# Atlantic Worldmaster



## Mr Whimpy (Jan 14, 2012)

Hi all

I finally got myself a nice little vintage watch :thumbup:

I took the plunge after reading through this forum and trawling the web, then out of the blue spotted something i really liked the look of and low and behold it was a atlantic Worldmaster.

I will get some pictures up very soon so you can all see it as i think its worthy of a few views and comments, but i can start by telling you all its a manual wind swiss made 21 jewel and measures about 38mm including crown ( wow its funny how you pick up all the jargon after visiting forums and doing some research)

I have had it for about 2 weeks now and must say it is keeping great time and only lost a total of 5 minutes over 2 weeks which i think is great for a watch from the 50's.

anyways im away to take some pictures and will then upload them tomorrow for all to see and enjoy

cheers for now and thanks for all the great info this site has given me on my search :thumbup:


----------



## jasonm (Nov 22, 2003)

Good catch!

I think MarkF had one of these... A nice watch if I remember right... Looking forward to the photos..


----------



## MarkF (Jul 5, 2003)

Prettiest watch that I've ever owned, sold it twice to forum members then bought it back again.  Fetching daft money now.

They wear very large and are 42mm (inc crown) with 20mm lug spacing, mine has a hand wound Unitas 6300 movement but they are also regularly found with the ETA 2824 too.


----------



## Mr Whimpy (Jan 14, 2012)

Thanks for the kind words and replies guys

My watch is different to this one shown but I must say that this one pictured is stunning and wish mine was as nice

I will get the pictures up shortly for all to see

Cheers


----------



## Mr Whimpy (Jan 14, 2012)

Here we go pictures added

I hope they are ok I just took them on my iPhone and uploaded with the photo bucket app so fingers crossed

I will do better ones when home with decent macro shots for detail


----------



## pugster (Nov 22, 2004)

MarkF said:


> Prettiest watch that I've ever owned, sold it twice to forum members then bought it back again.  Fetching daft money now.
> 
> They wear very large and are 42mm (inc crown) with 20mm lug spacing, mine has a hand wound Unitas 6300 movement but they are also regularly found with the ETA 2824 too.
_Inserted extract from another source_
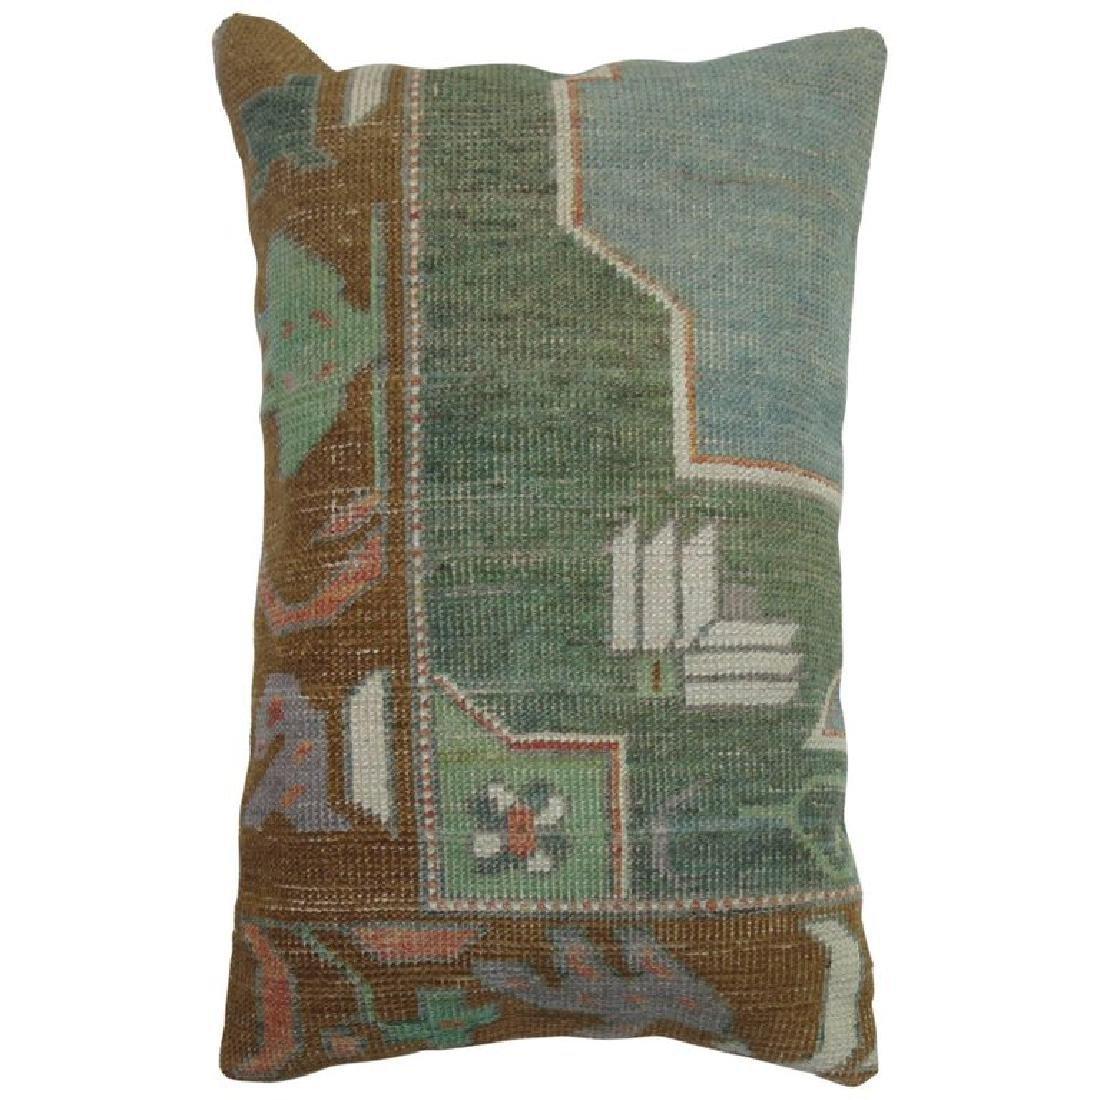 Turkish Oushak Lumbar Rug Pillow 1.5x1.7x1.7

mark , how many watches have you sold then bought back ?  , im almost tempted to buy anything you sell on here as its almost a dead cert you will want it back at some point so no money would be lost nce i got bored of it 

...nice watch btw


----------



## Mr Whimpy (Jan 14, 2012)

The face on my one could really do with a clean i think to bring out its beauty and a brown leather strap would finish it off a treat too


----------



## Mikrolisk (Jan 23, 2008)

By the way, Atlantic was a trade marl by the Ed. Kummer AG from Bettlach (=Atlantic SA, =Fabrique d'Horlogerie Ed. Kummer SA).


----------



## miroman (Dec 12, 2011)

MarkF said:


> Prettiest watch that I've ever owned, sold it twice to forum members then bought it back again.  Fetching daft money now.
> 
> They wear very large and are 42mm (inc crown) with 20mm lug spacing, mine has a hand wound Unitas 6300 movement but they are also regularly found with the ETA 2824 too.
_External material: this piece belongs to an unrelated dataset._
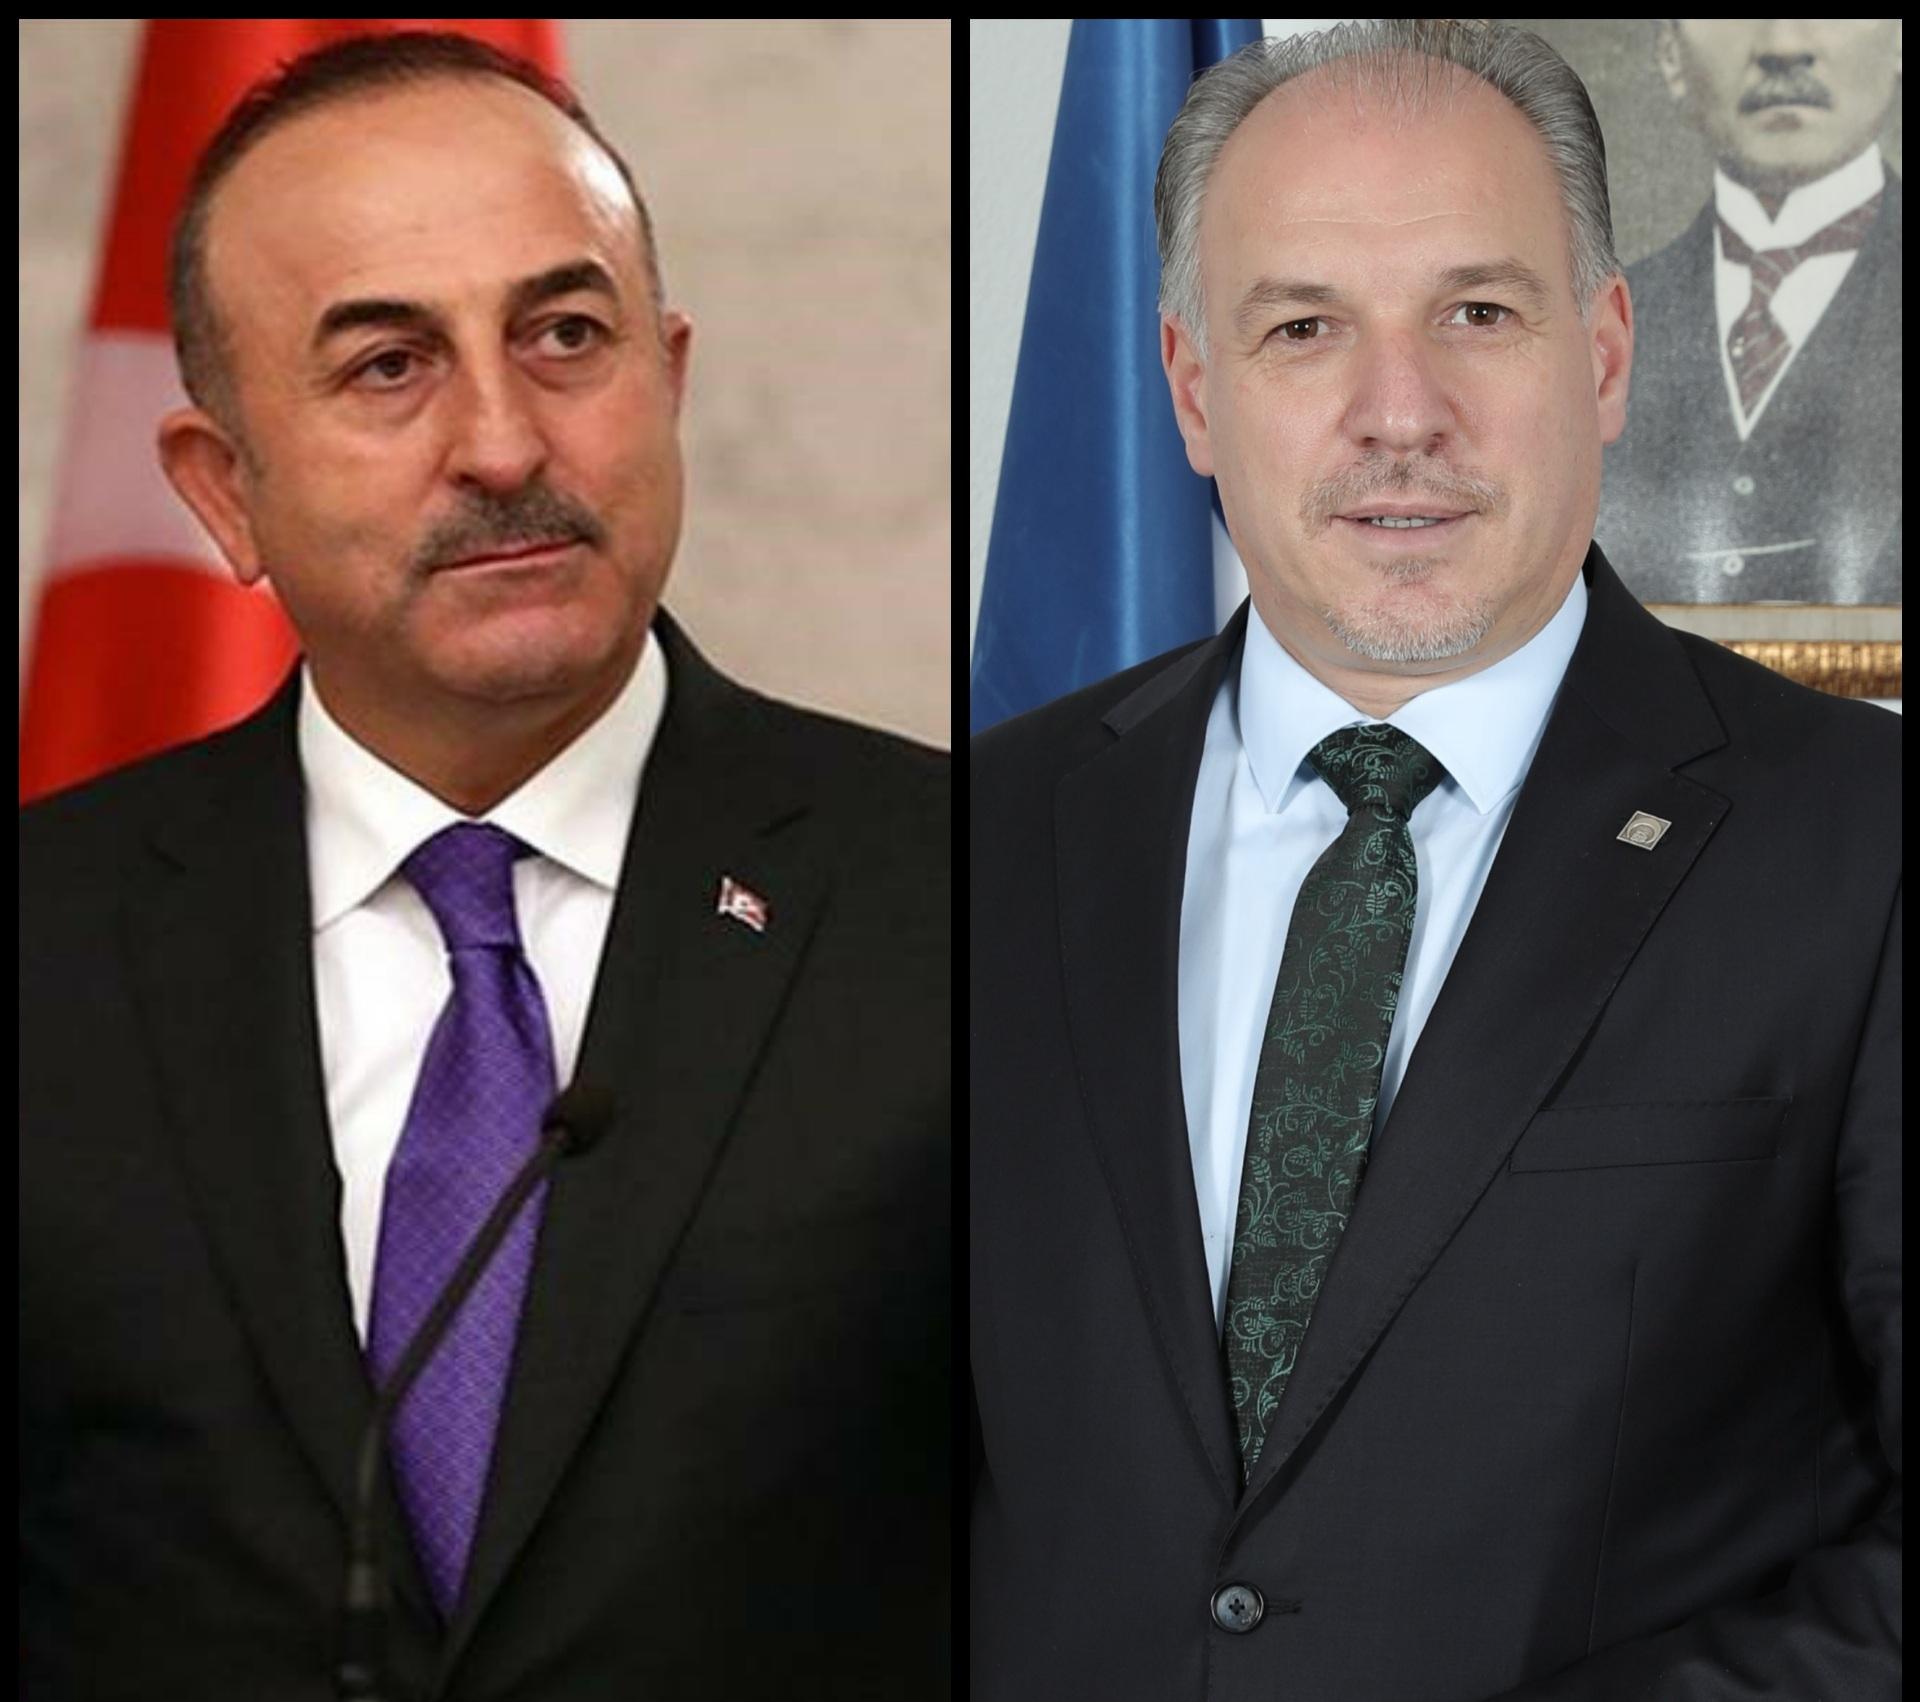 T.C. Dışişleri Bakanı Mevlüt Çavuşoğlu, Genel Başkanımız ve Bölgesel Kalkınma Bakanımız Fikrim Damka'yı Kutlayarak Başarılar Diledi

Amazing watch. This is my preffered model form the vintage watches. I like the white dial more tha the black, also numbering 2-4-6 more than 3-6-9. And this is the best looking used watch I've seend (I've seen only one NOS in better condidtion).

It's design is so intransitive, that then new 're-issue' copy a lot of this 60's design.

Regards, Miro.


----------